An interface type is defined as a set of method signatures. A value of interface type can hold any value that implements those methods.

A type implements an interface by implementing its methods. There is no explicit declaration of intent, no “implements” keyword. Implicit interfaces decouple the definition of an interface from its implementation, which could then appear in any package without prearrangement.

Under the covers, interface values is a tuple of a value and a concrete type: (value, type). An interface value holds a value of a specific underlying concrete type. Calling a method on an interface value executes the method of the same name on its underlying type.

It tends to promote small and focused interfaces. The standard library is full of interfaces. The io package has a handful of popular ones such as io.Reader, io.Writer, and io.Closer. If you write a function that expects a parameter that you’ll only be calling Close() on, you absolutely should accept an io.Closer rather than whatever concrete type you’re using.

Interfaces can also participate in composition. And, interfaces themselves can be composed of other interfaces. For example, io.ReadCloser is an interface composed of the io.Reader interface as well as the io.Closer interface.

Finally, interfaces are commonly used to avoid cyclical imports. Since they don’t have implementations, they’ll have limited dependencies.

Interface values with nil underlying values

If the concrete value inside the interface itself is nil, the method will be called with a nil receiver. In some languages this would trigger a null pointer exception, but in Go it is common to write methods that gracefully handle being called with a nil receiver.

Note that an interface value that holds a nil concrete value is itself non-nil.

Nil interface values

A nil interface value holds neither value nor concrete type. Calling a method on a nil interface is a run-time error because there is no type inside the interface tuple to indicate which concrete method to call.

Interface Naming

By convention, one-method interfaces are named by the method name plus an -er suffix or similar modification to construct an agent noun: Reader, Writer, Formatter, CloseNotifier etc.

The empty interface

The interface type that specifies zero methods is known as the empty interface:interface{}. Since every type implements all 0 of the empty interface’s methods, and since interfaces are implicitly implemented, every type fulfills the contract of the empty interface.

An empty interface may hold values of any type as every type implements at least zero methods. Empty interfaces are used by code that handles values of unknown type. For example, fmt.Print takes any number of arguments of type interface{}.

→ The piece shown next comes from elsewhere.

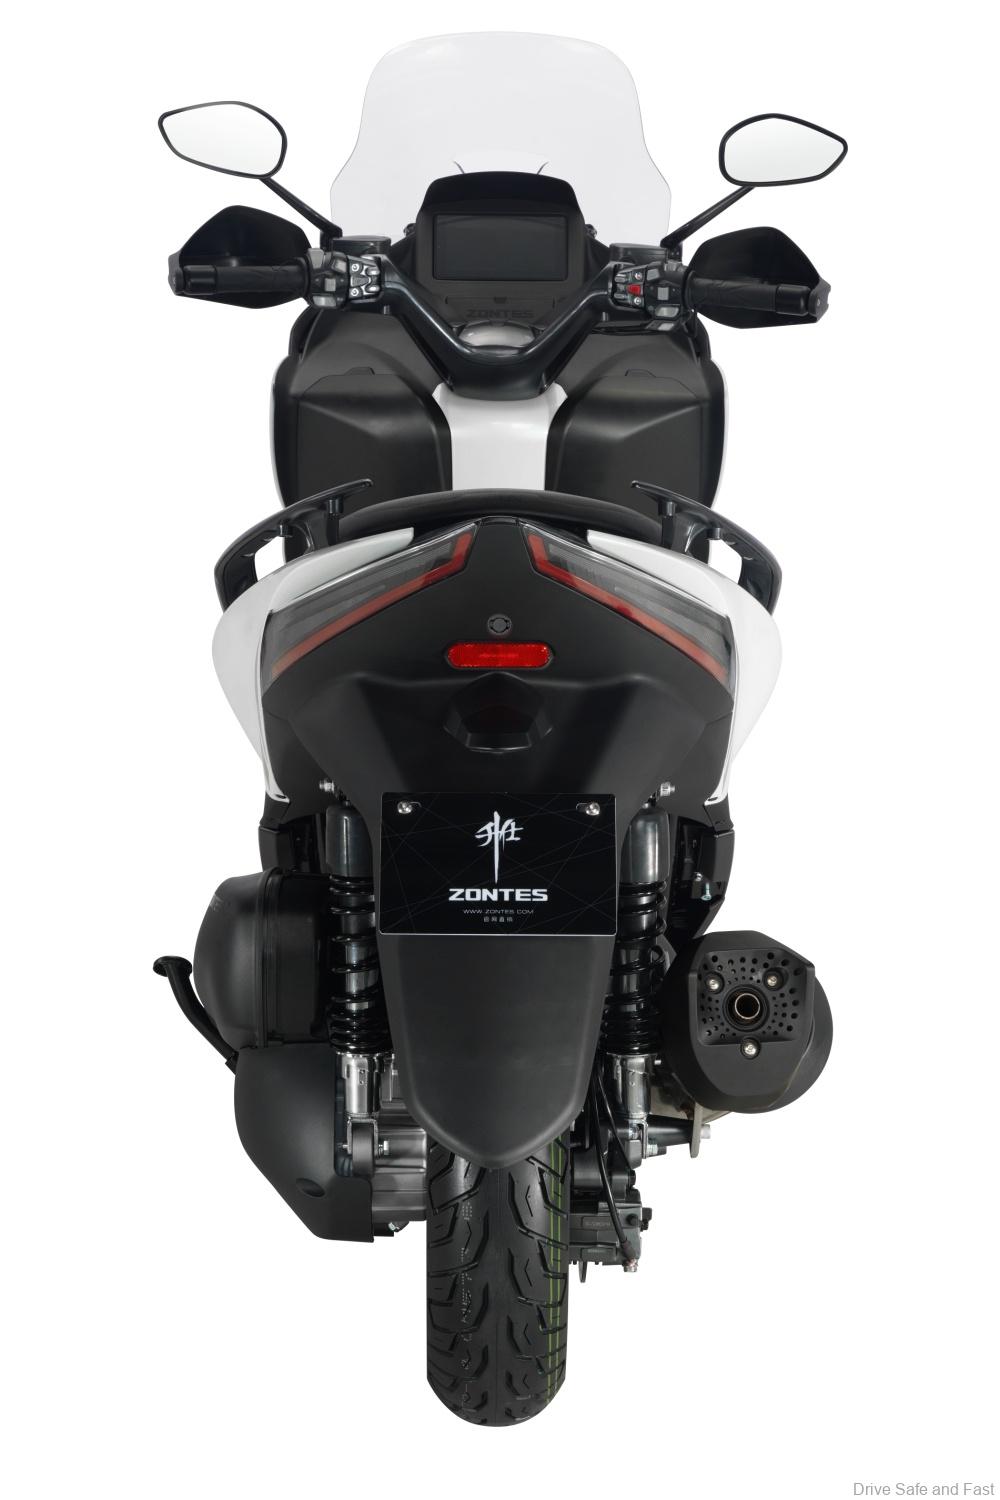 Zontes 350 Series Scooters Debut In Malaysia From RM23,800
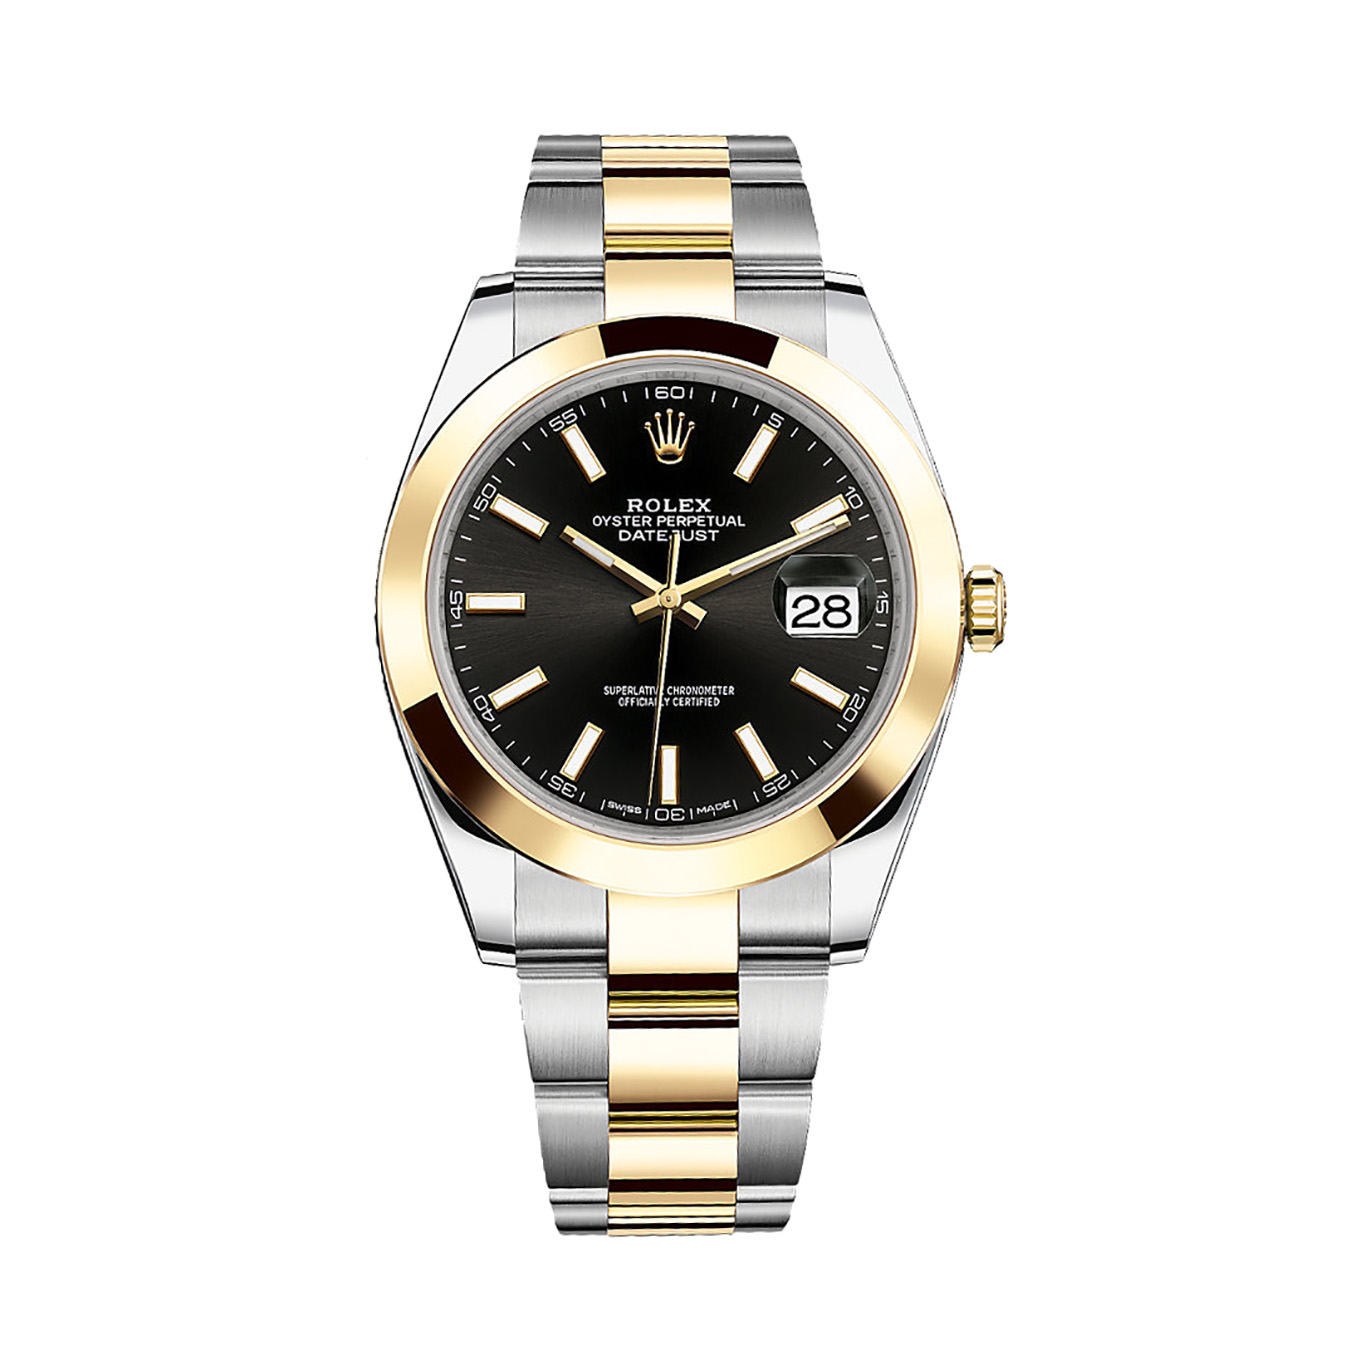 Datejust 41 126303 Gold & Stainless Steel Watch (Black)

Type Conversion from interface Variable

Use .(TYPE), like a.(int).

Type Assertion for interface Variable

A type assertion provides access to an interface value’s underlying concrete value.

t := i.(T)

This statement asserts that the interface value i holds the concrete type T and assigns the underlying T value to the variable t. If i does not hold a T, the statement will trigger a panic.

To test whether an interface value holds a specific type, a type assertion can return two values: the underlying value and a boolean value that reports whether the assertion succeeded.

t, ok := i.(T)

If i holds a T, then t will be the underlying value and ok will be true. If not, ok will be false and t will be the zero value of type T, and no panic occurs. It’s similar to reading from a map.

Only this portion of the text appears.